United States wheat stocks are the tightest since 1995 and world wheat stocks are the tightest since 1981. The world’s wheat stocks to use ratio (ending stocks divided by annual use) is 19.5 percent, the tightest on record.

This implies that on May 31, 2007, there will be enough wheat in storage to meet world wheat demand for 71 days. The average is a 97 day supply.

United States corn stocks are the lowest since 1996 and world corn stocks are the lowest since 1990. The world’s corn stocks to use ratio is 12.6 percent, the lowest since 1972. This implies that as of July 31, there will be enough corn in storage to meet 46 days use. The average is 71 days supply.

Normally, producers can rebuild wheat stocks with one year’s production and corn in two year’s production. The current situation is different. During the 2006/07 corn marketing-year, 1.1 billion bushels more corn were used than were produced.

Also, during the 2007/08 marketing-year, corn demand for ethanol is expected to increase by 1.1 billion bushels.

Without reduced corn used for feed and exports, 2007 U.S. corn must be 2.2 billion bushels higher than the 10.5 billion bushels 2006 corn crop.

World use of corn as feed is expected to decline. Wheat and other grains will be substituted for corn.

Wheat not used by the food market will be used by the feed market and wheat stocks are expected to remain below 500 million bushels. This should prevent wheat stocks from being rebuilt during the 2007/08 marketing-year.

In developing the 2007/08 wheat marketing-year marketing plan, producers need to consider the fact that the feed market will provide a floor for wheat prices. Producers should also consider the timing of the corn harvest and the foreign wheat harvests.
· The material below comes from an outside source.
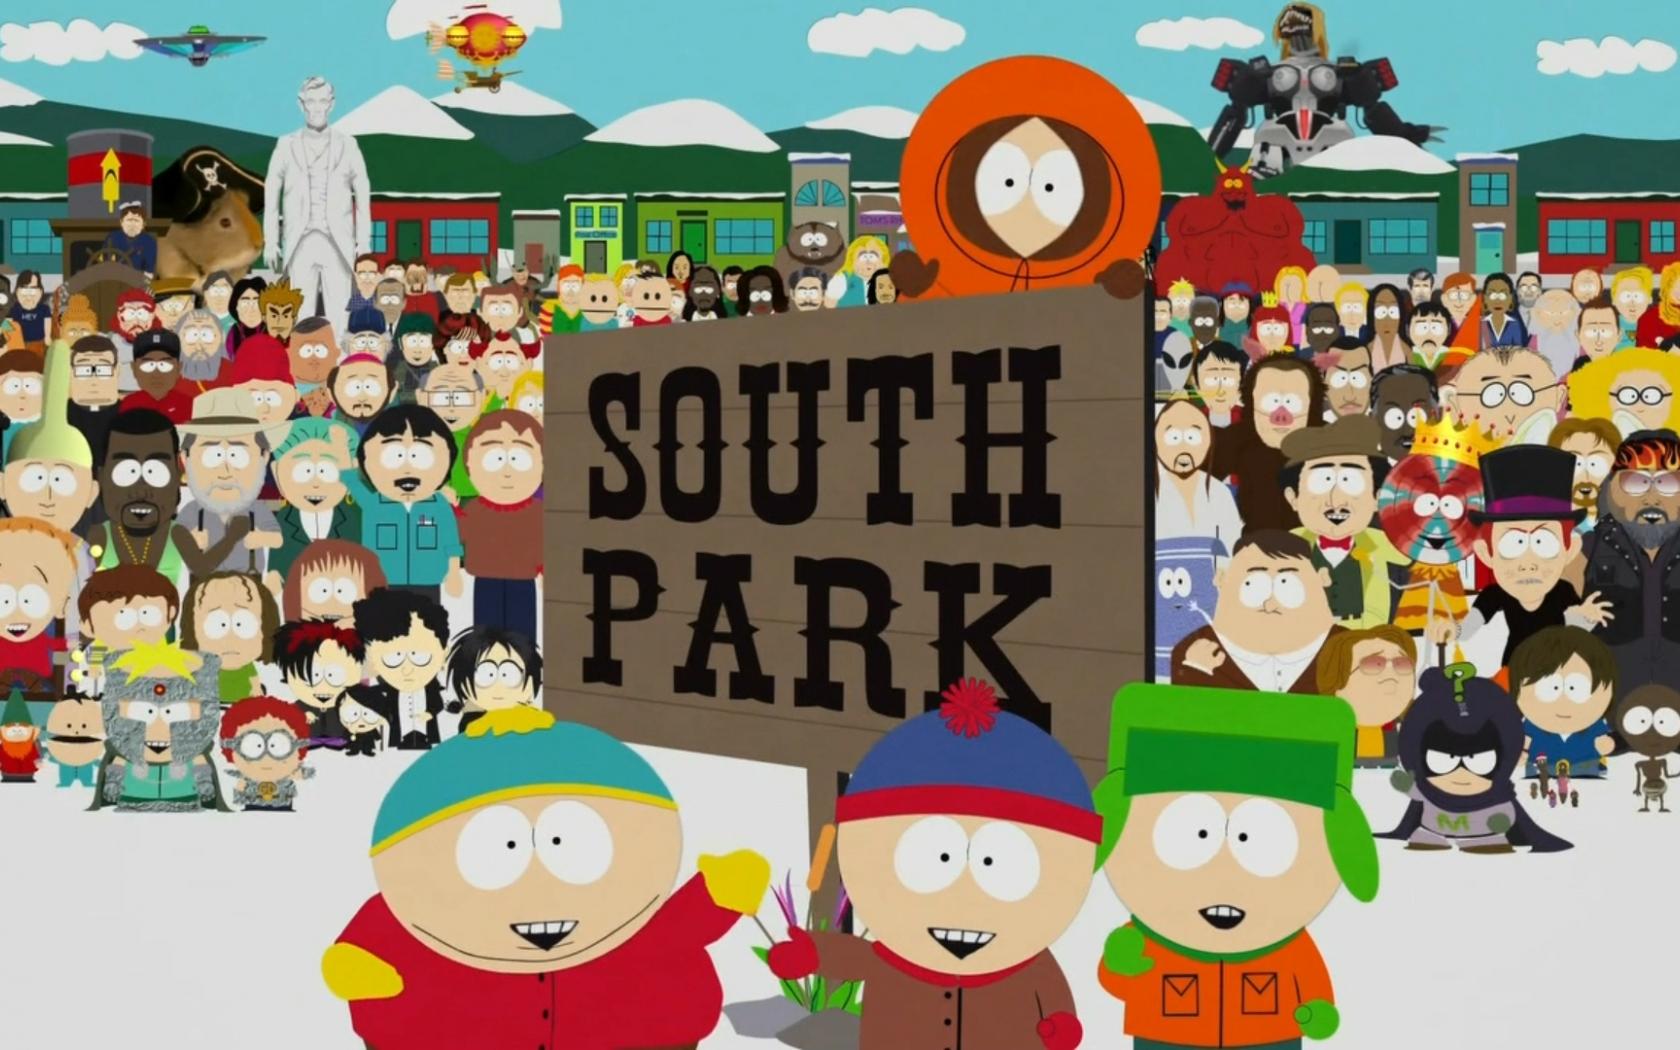 Free Download South Park Desktop Wallpaper Hd Cool Wallpapers

Corn supplies cannot be increased until corn is harvested in September and October. Thus, corn prices should remain near current levels until new crop corn enters the feed market.
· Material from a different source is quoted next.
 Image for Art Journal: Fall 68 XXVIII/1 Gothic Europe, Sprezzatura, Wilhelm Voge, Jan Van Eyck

Corn’s impact on wheat prices is that wheat prices should remain relatively high through most of July. A corn crop above 12.3 billion bushels and a world wheat crop above 22 billion bushels could result in wheat prices trending downward after July. In this case, the wheat marketing strategy would be to sell wheat at harvest.
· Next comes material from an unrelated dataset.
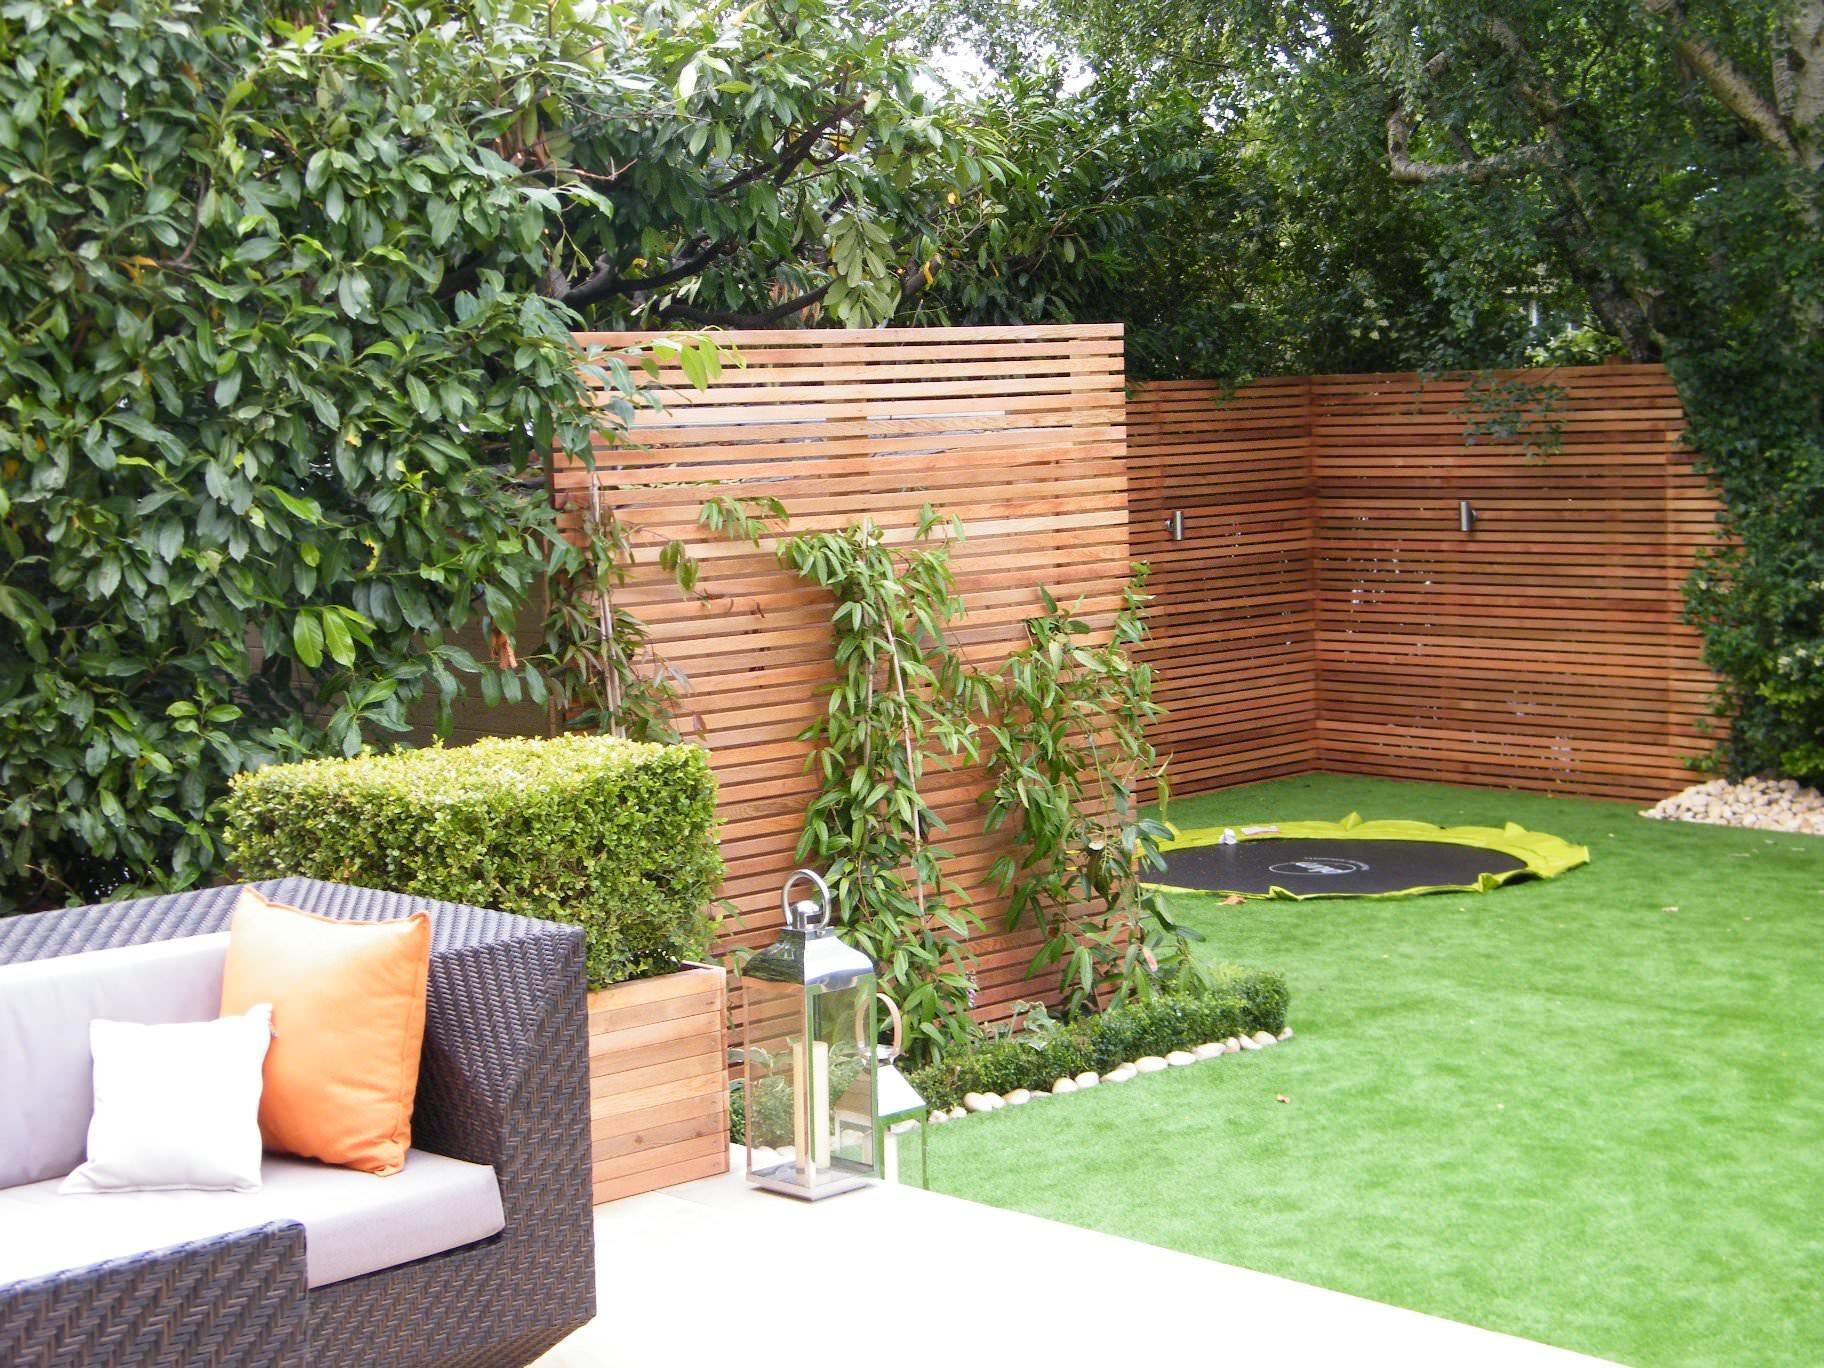 5 Garden Design Ideas for a Small Garden - Floral & Hardy on Small Backyard Landscaping id=38248

Current world wheat conditions support 2007/08 marketing-year production estimates of about 22.5 billion bushels. The five-year average is 21.6 billion bushels. The record wheat crop is 23.1 billion bushels produced in 2003/04.

Kansas City Board of Trade wheat contract prices imply that the market expects wheat demand to remain strong through July 2009. The KCBT July 2007 contract price is $4.83 and the July 2009 contract price is $4.85.

The Chicago Board of Trade July 2007 corn contract price is $3.89 and the July 2010 corn contract price is $4.05. This implies the feed market may provide a price floor for wheat at about $4 cash price in Oklahoma and Texas through 2010.

When developing the 2007 marketing plan, note that the KCBT December contract is at a 24 cent premium to the July contract price.

For wheat stored in commercial storage, the cost to own wheat is about five cents per month. Thus, commercial storage plus interest costs from July 1 to Nov. 30 is about 25 cents.

For producers whose storage cost is less than three cents per bushel per month and/or they have low interest opportunities, there may be profit in storing wheat until the September through November time period.

Producers who pay three cents per month storage and need income for production loans or to plant the 2008 crop should consider selling the wheat at harvest.

There is about 40 cents downside price risk and about a $1 upside price potential for wheat prices. This may be the year to sell one-half of the wheat at harvest and sell the remaining one-half between late September and Dec. 1.